The bus is shared between `Agent` and `AgentRuntime` so `on()` registrations and
`abort()` always target the controller used by the active loop.

### Why `AbortSignal`

Signals cancel HTTP immediately in the AI SDK and compose with caller-provided
`abortSignal` via `resetAbort`.

### Monotonic `createdAt` for persisted order

**Problem.** Live messages often used `Date.now()` (or no timestamp). Several
messages added in the same millisecond (multi-part input, batched tool results,
fast loops) produced **identical `createdAt` values**. SQL stores mitigate ties
with a `seq` column, but ordering was still ambiguous for consumers that sort
only by time, and **in-memory `BuiltMemory`** (`InMemoryMemory`) keyed ordering
off the stored timestamp. Duplicate timestamps made **pagination windows** (`before`,
`limit`) and reload order **non-deterministic** relative to insertion order —
message history could appear to **shuffle** between turns or after resume.

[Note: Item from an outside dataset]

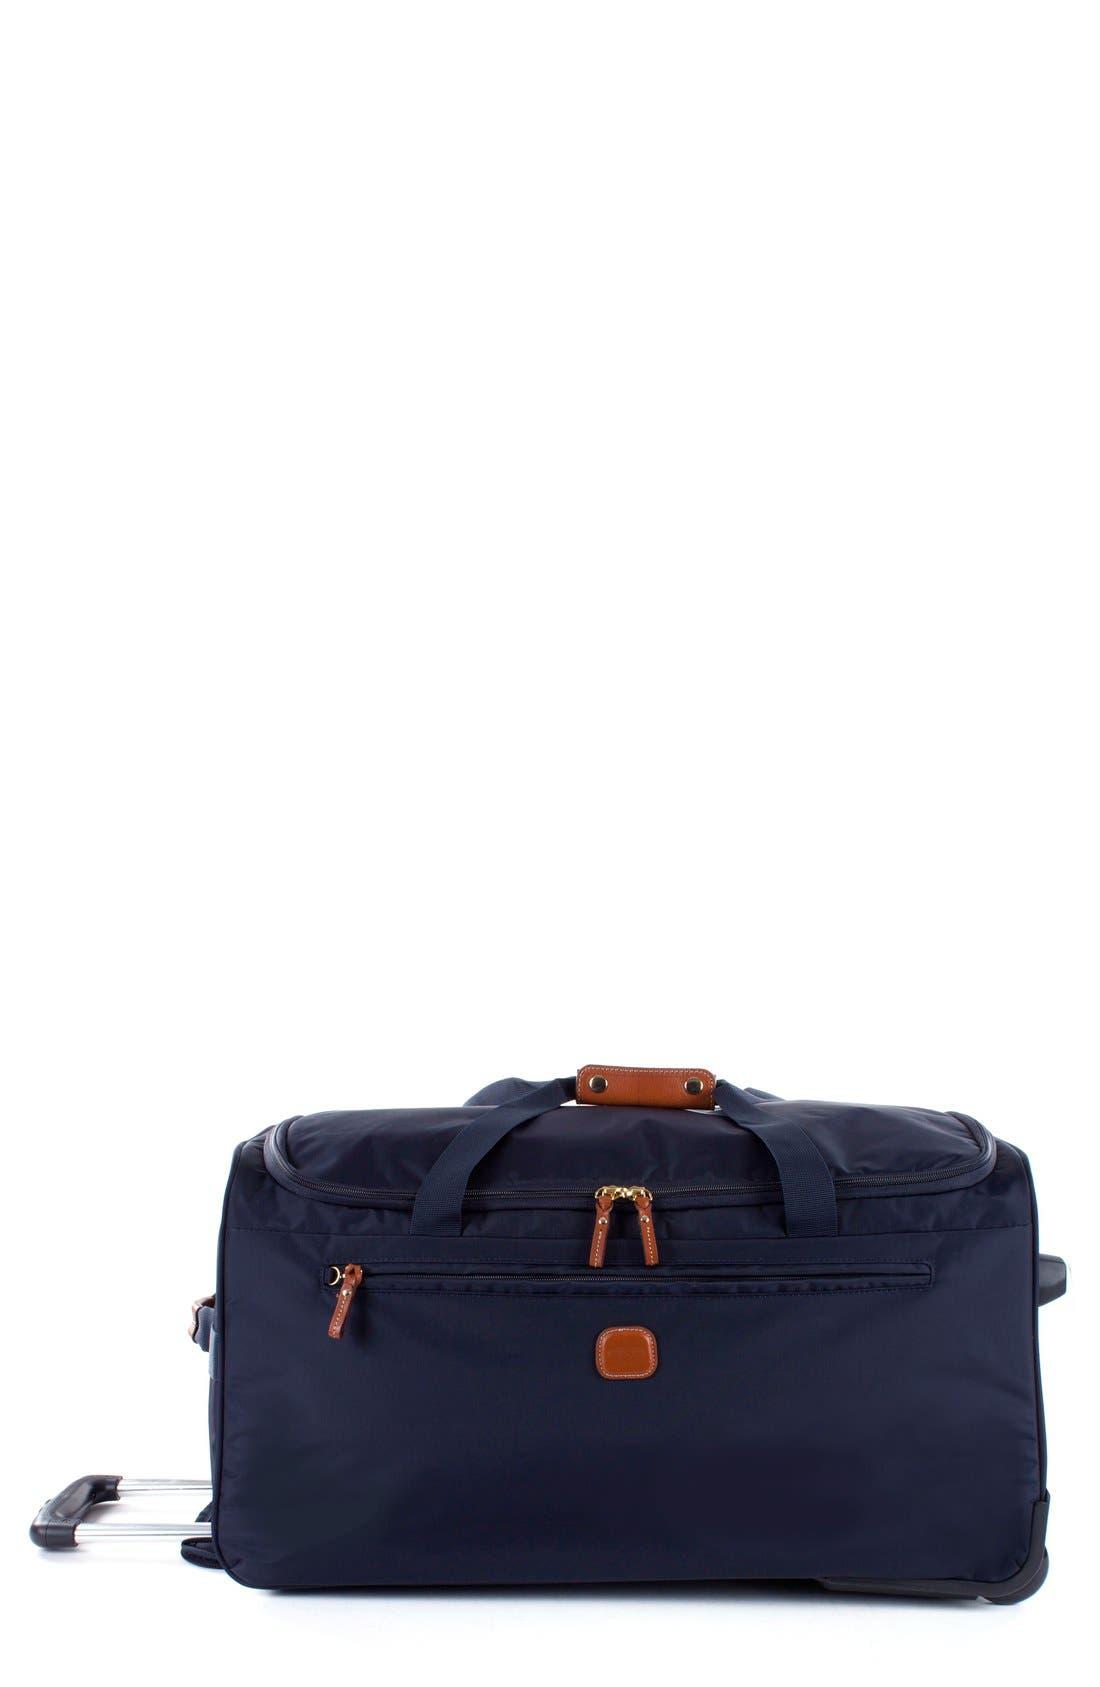 Bric's 'X-Bag' Rolling Duffel Bag (28 Inch)

**Approach.** `AgentMessageList` tracks `lastCreatedAt` and assigns each **live**
message (`input` / `response`) a `createdAt` of
`max(hint, lastCreatedAt + 1)`, where `hint` is any existing timestamp or
`Date.now()`. **`history` messages** keep the database timestamp exactly;
`lastCreatedAt` advances to `max` so new live rows stay strictly later (handles
clock skew and prior monotonic runs). **`deserialize()`** recomputes
`lastCreatedAt` from all restored rows so suspend/resume continues the sequence.

**Downstream.** `saveMessages` / Postgres / SQLite persist the message-owned
`createdAt`, and in-memory storage uses that same value for filtering so
`getMessages` stays aligned with `AgentMessageList`’s ordering guarantees.